#### [Dataset extract]
******

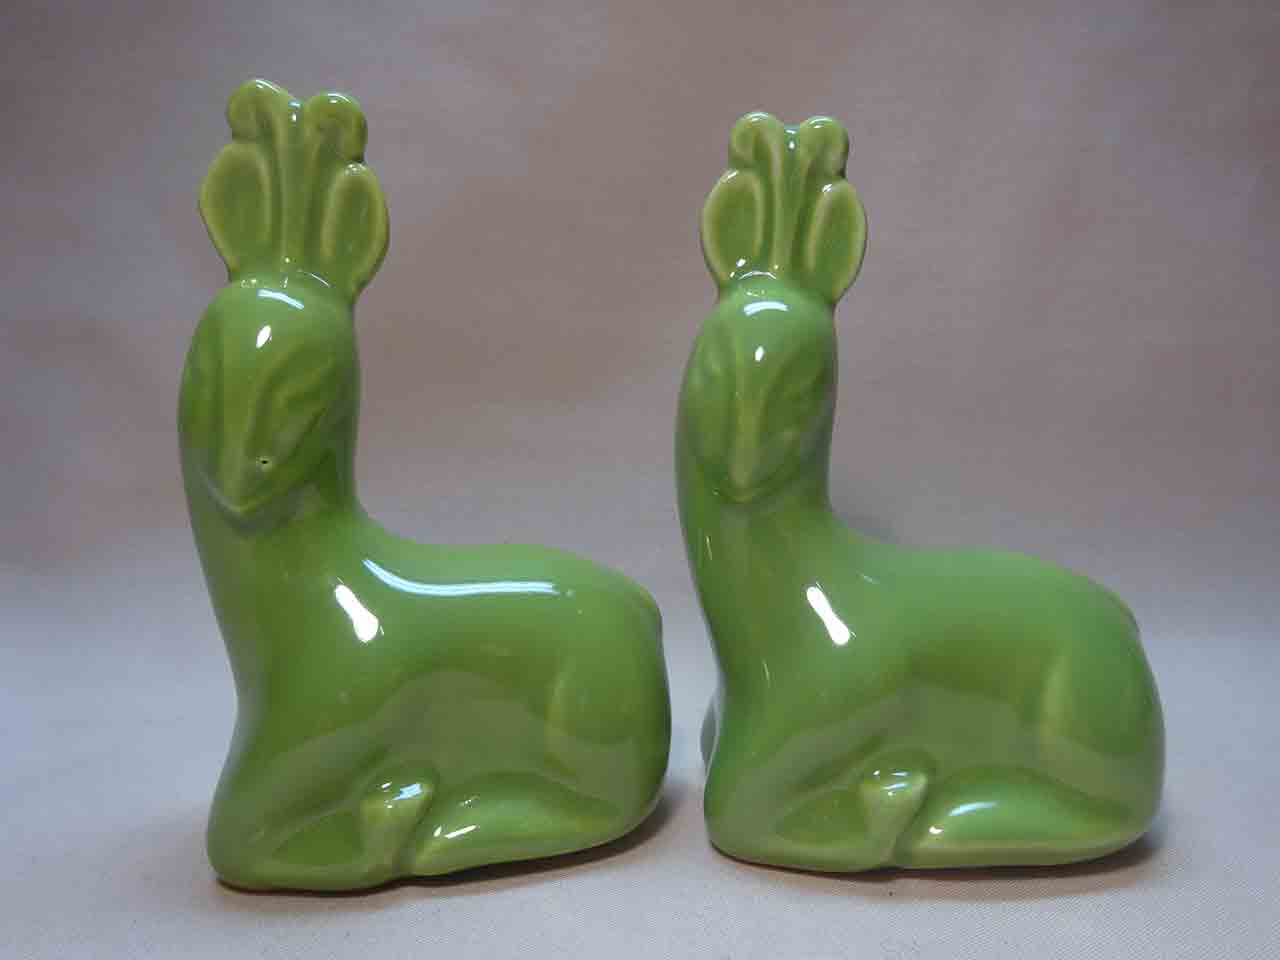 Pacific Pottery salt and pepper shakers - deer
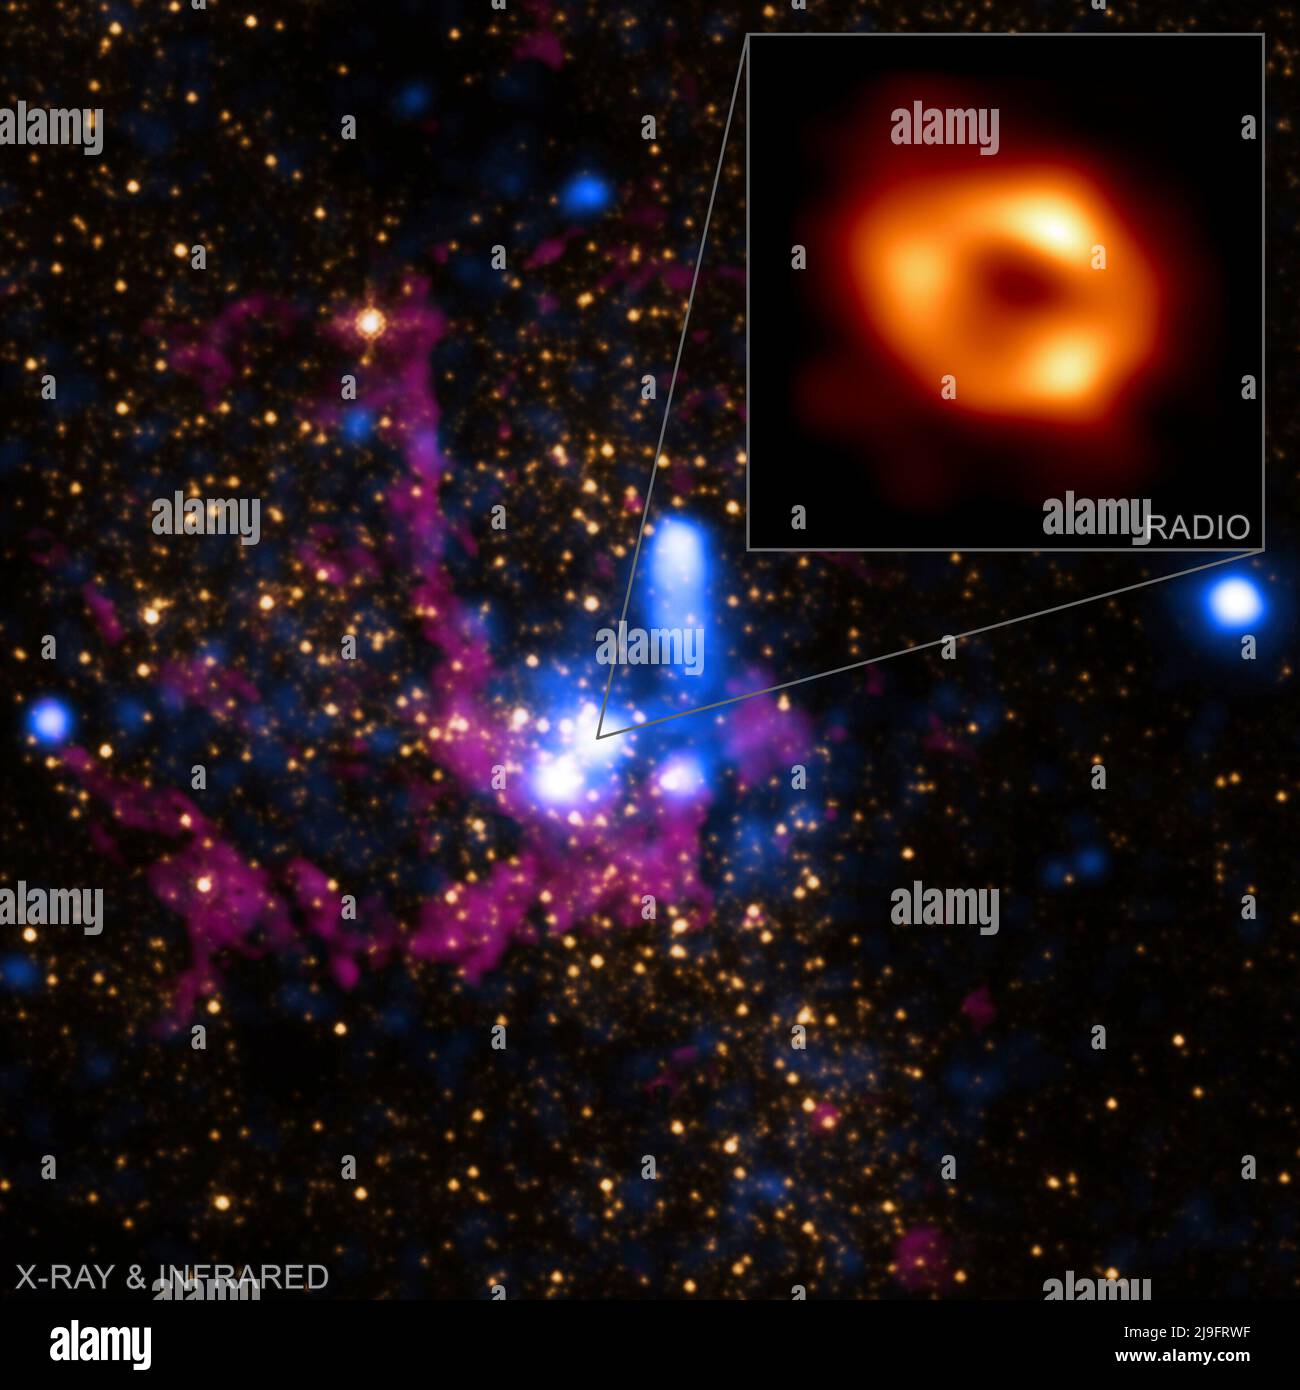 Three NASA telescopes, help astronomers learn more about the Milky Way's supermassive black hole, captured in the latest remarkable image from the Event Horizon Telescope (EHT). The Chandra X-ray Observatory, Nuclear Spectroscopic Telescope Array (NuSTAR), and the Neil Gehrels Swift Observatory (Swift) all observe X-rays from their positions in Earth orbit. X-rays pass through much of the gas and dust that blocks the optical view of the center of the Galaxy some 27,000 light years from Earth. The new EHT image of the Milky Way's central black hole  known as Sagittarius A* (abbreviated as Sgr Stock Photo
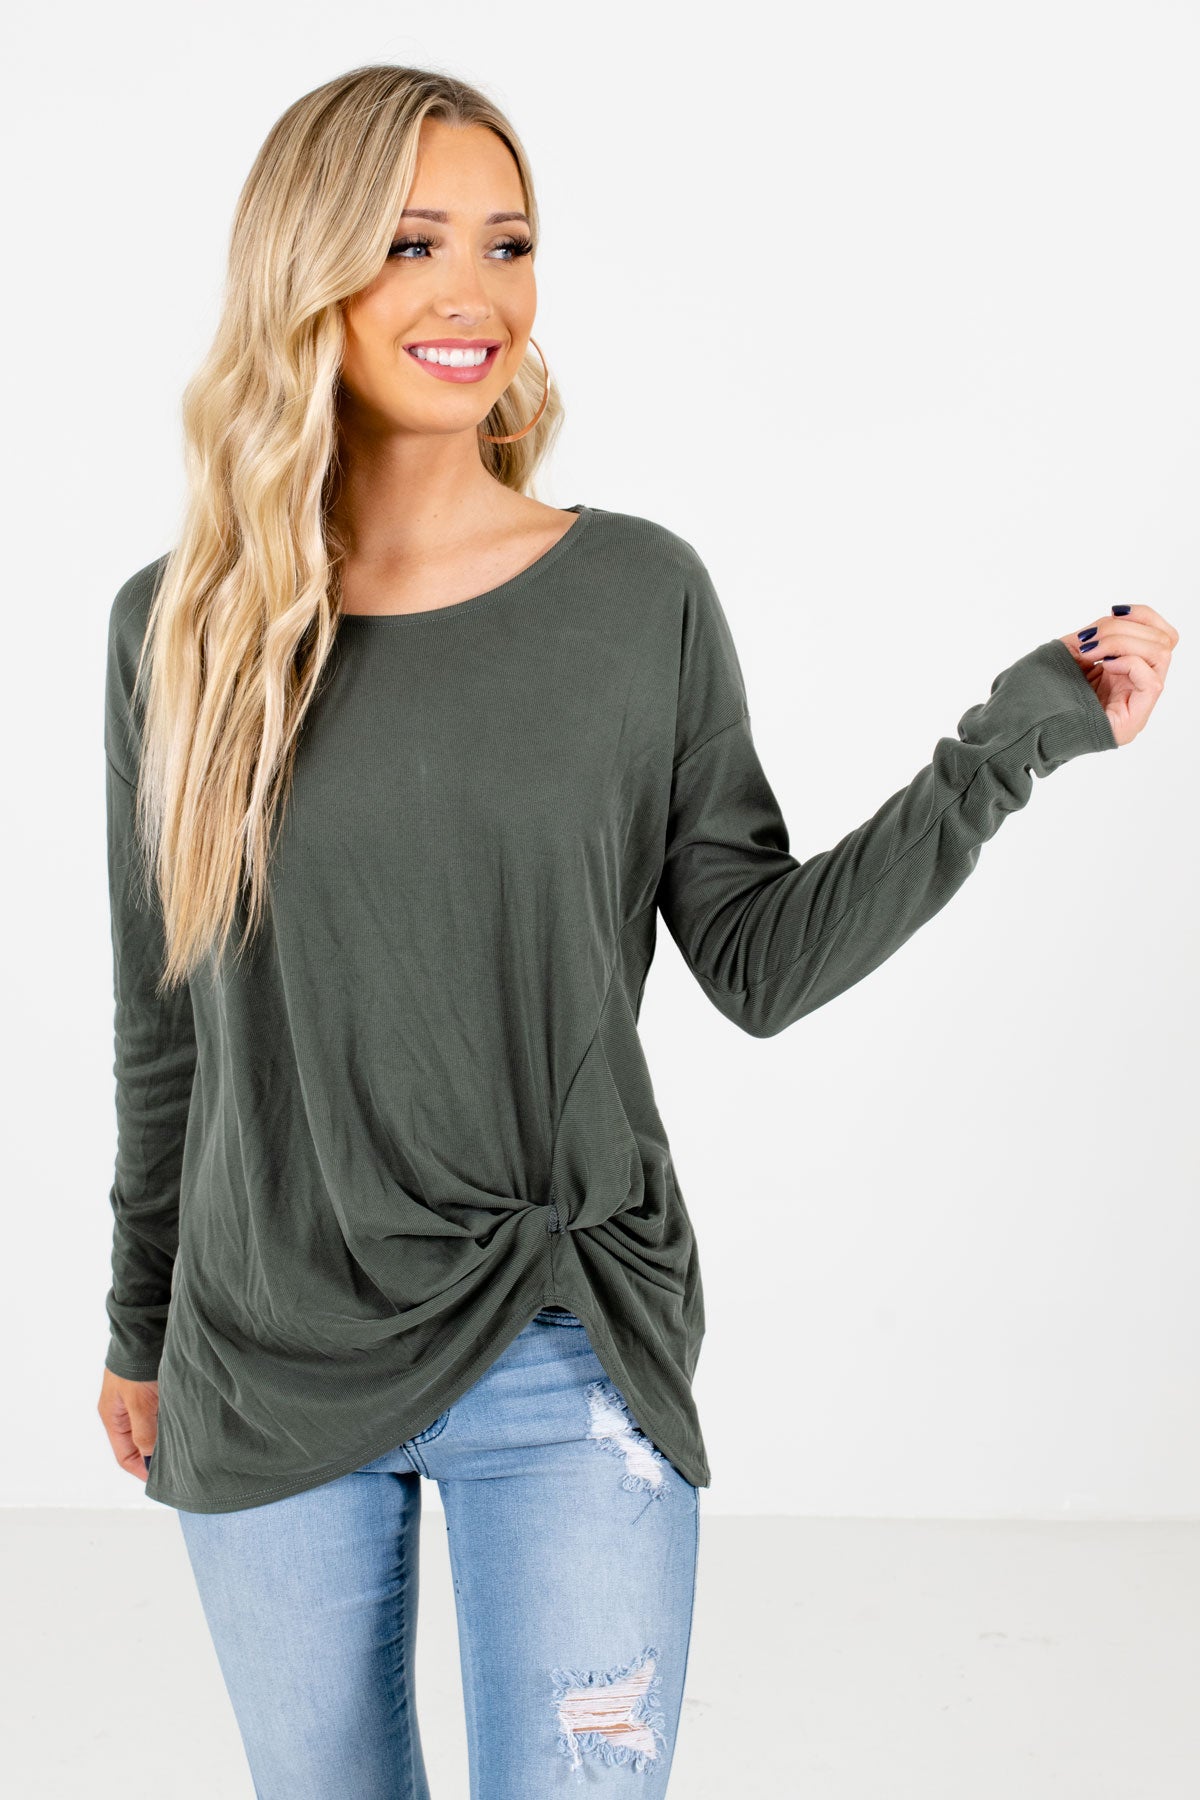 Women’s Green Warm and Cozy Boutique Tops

******

In your copy, omit the pictures and restate every line of the data word for word.

#### [Reply to the exercise]
 Pacific Pottery salt and pepper shakers - deer
 Three NASA telescopes, help astronomers learn more about the Milky Way's supermassive black hole, captured in the latest remarkable image from the Event Horizon Telescope (EHT). The Chandra X-ray Observatory, Nuclear Spectroscopic Telescope Array (NuSTAR), and the Neil Gehrels Swift Observatory (Swift) all observe X-rays from their positions in Earth orbit. X-rays pass through much of the gas and dust that blocks the optical view of the center of the Galaxy some 27,000 light years from Earth. The new EHT image of the Milky Way's central black hole  known as Sagittarius A* (abbreviated as Sgr Stock Photo
 Women’s Green Warm and Cozy Boutique Tops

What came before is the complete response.